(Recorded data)
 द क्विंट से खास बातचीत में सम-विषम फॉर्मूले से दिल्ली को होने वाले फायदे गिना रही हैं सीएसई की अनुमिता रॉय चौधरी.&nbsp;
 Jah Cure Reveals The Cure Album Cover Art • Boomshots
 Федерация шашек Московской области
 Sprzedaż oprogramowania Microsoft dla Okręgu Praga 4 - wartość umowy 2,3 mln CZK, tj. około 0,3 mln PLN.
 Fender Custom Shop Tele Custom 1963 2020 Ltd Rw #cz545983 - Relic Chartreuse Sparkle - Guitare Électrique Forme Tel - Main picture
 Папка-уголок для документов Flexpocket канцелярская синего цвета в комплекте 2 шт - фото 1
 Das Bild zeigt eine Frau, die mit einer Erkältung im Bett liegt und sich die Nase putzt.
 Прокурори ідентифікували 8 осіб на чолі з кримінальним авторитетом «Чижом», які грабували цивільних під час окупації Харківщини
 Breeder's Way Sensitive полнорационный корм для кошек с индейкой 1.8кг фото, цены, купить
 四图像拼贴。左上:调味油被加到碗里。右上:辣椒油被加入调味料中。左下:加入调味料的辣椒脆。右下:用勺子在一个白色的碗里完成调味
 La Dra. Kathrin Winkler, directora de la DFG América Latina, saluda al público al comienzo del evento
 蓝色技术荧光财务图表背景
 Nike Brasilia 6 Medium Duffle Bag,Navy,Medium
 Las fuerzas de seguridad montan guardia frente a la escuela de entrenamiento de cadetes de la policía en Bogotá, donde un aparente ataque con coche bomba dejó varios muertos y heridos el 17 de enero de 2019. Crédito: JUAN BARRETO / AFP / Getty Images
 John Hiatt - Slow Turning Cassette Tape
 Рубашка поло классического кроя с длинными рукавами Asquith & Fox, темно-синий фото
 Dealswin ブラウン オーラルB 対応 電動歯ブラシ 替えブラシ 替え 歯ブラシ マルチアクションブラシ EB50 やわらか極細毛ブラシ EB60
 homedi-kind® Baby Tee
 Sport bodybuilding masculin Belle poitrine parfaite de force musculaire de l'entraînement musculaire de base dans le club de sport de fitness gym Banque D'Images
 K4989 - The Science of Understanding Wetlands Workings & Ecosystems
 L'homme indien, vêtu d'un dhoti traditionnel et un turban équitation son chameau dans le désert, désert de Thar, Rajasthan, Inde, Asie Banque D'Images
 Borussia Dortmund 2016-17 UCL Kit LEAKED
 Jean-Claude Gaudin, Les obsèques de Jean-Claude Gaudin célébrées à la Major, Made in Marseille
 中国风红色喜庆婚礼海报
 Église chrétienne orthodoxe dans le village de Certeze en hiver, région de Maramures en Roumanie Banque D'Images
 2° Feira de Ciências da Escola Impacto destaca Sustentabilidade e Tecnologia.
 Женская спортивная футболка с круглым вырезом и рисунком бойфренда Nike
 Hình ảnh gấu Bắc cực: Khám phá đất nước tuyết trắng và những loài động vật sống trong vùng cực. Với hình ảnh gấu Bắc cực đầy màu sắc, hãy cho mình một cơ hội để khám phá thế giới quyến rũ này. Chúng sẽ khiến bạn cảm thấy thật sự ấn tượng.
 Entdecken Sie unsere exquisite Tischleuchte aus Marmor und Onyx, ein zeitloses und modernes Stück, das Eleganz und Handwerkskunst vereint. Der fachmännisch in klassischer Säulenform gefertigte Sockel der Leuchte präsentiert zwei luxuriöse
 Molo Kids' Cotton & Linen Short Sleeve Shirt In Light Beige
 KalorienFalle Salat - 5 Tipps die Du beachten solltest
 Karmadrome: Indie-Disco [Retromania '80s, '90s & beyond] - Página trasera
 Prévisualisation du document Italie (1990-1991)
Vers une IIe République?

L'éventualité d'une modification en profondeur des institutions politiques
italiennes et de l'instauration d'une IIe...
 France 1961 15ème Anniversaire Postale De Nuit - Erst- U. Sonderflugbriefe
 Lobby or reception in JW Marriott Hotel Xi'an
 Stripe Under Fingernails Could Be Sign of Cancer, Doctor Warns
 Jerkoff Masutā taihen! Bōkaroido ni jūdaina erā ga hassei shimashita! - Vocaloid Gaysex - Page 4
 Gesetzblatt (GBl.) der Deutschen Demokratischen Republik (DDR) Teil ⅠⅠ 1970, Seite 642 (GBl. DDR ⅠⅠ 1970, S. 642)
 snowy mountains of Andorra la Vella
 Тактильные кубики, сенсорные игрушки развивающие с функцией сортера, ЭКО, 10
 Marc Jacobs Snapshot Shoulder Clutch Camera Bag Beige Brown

Prompt =>
Output all of the data above without any alteration.

Result of the task =>
 द क्विंट से खास बातचीत में सम-विषम फॉर्मूले से दिल्ली को होने वाले फायदे गिना रही हैं सीएसई की अनुमिता रॉय चौधरी.&nbsp;
 Jah Cure Reveals The Cure Album Cover Art • Boomshots
 Федерация шашек Московской области
 Sprzedaż oprogramowania Microsoft dla Okręgu Praga 4 - wartość umowy 2,3 mln CZK, tj. około 0,3 mln PLN.
 Fender Custom Shop Tele Custom 1963 2020 Ltd Rw #cz545983 - Relic Chartreuse Sparkle - Guitare Électrique Forme Tel - Main picture
 Папка-уголок для документов Flexpocket канцелярская синего цвета в комплекте 2 шт - фото 1
 Das Bild zeigt eine Frau, die mit einer Erkältung im Bett liegt und sich die Nase putzt.
 Прокурори ідентифікували 8 осіб на чолі з кримінальним авторитетом «Чижом», які грабували цивільних під час окупації Харківщини
 Breeder's Way Sensitive полнорационный корм для кошек с индейкой 1.8кг фото, цены, купить
 四图像拼贴。左上:调味油被加到碗里。右上:辣椒油被加入调味料中。左下:加入调味料的辣椒脆。右下:用勺子在一个白色的碗里完成调味
 La Dra. Kathrin Winkler, directora de la DFG América Latina, saluda al público al comienzo del evento
 蓝色技术荧光财务图表背景
 Nike Brasilia 6 Medium Duffle Bag,Navy,Medium
 Las fuerzas de seguridad montan guardia frente a la escuela de entrenamiento de cadetes de la policía en Bogotá, donde un aparente ataque con coche bomba dejó varios muertos y heridos el 17 de enero de 2019. Crédito: JUAN BARRETO / AFP / Getty Images
 John Hiatt - Slow Turning Cassette Tape
 Рубашка поло классического кроя с длинными рукавами Asquith & Fox, темно-синий фото
 Dealswin ブラウン オーラルB 対応 電動歯ブラシ 替えブラシ 替え 歯ブラシ マルチアクションブラシ EB50 やわらか極細毛ブラシ EB60
 homedi-kind® Baby Tee
 Sport bodybuilding masculin Belle poitrine parfaite de force musculaire de l'entraînement musculaire de base dans le club de sport de fitness gym Banque D'Images
 K4989 - The Science of Understanding Wetlands Workings & Ecosystems
 L'homme indien, vêtu d'un dhoti traditionnel et un turban équitation son chameau dans le désert, désert de Thar, Rajasthan, Inde, Asie Banque D'Images
 Borussia Dortmund 2016-17 UCL Kit LEAKED
 Jean-Claude Gaudin, Les obsèques de Jean-Claude Gaudin célébrées à la Major, Made in Marseille
 中国风红色喜庆婚礼海报
 Église chrétienne orthodoxe dans le village de Certeze en hiver, région de Maramures en Roumanie Banque D'Images
 2° Feira de Ciências da Escola Impacto destaca Sustentabilidade e Tecnologia.
 Женская спортивная футболка с круглым вырезом и рисунком бойфренда Nike
 Hình ảnh gấu Bắc cực: Khám phá đất nước tuyết trắng và những loài động vật sống trong vùng cực. Với hình ảnh gấu Bắc cực đầy màu sắc, hãy cho mình một cơ hội để khám phá thế giới quyến rũ này. Chúng sẽ khiến bạn cảm thấy thật sự ấn tượng.
 Entdecken Sie unsere exquisite Tischleuchte aus Marmor und Onyx, ein zeitloses und modernes Stück, das Eleganz und Handwerkskunst vereint. Der fachmännisch in klassischer Säulenform gefertigte Sockel der Leuchte präsentiert zwei luxuriöse
 Molo Kids' Cotton & Linen Short Sleeve Shirt In Light Beige
 KalorienFalle Salat - 5 Tipps die Du beachten solltest
 Karmadrome: Indie-Disco [Retromania '80s, '90s & beyond] - Página trasera
 Prévisualisation du document Italie (1990-1991)
Vers une IIe République?

L'éventualité d'une modification en profondeur des institutions politiques
italiennes et de l'instauration d'une IIe...
 France 1961 15ème Anniversaire Postale De Nuit - Erst- U. Sonderflugbriefe
 Lobby or reception in JW Marriott Hotel Xi'an
 Stripe Under Fingernails Could Be Sign of Cancer, Doctor Warns
 Jerkoff Masutā taihen! Bōkaroido ni jūdaina erā ga hassei shimashita! - Vocaloid Gaysex - Page 4
 Gesetzblatt (GBl.) der Deutschen Demokratischen Republik (DDR) Teil ⅠⅠ 1970, Seite 642 (GBl. DDR ⅠⅠ 1970, S. 642)
 snowy mountains of Andorra la Vella
 Тактильные кубики, сенсорные игрушки развивающие с функцией сортера, ЭКО, 10
 Marc Jacobs Snapshot Shoulder Clutch Camera Bag Beige Brown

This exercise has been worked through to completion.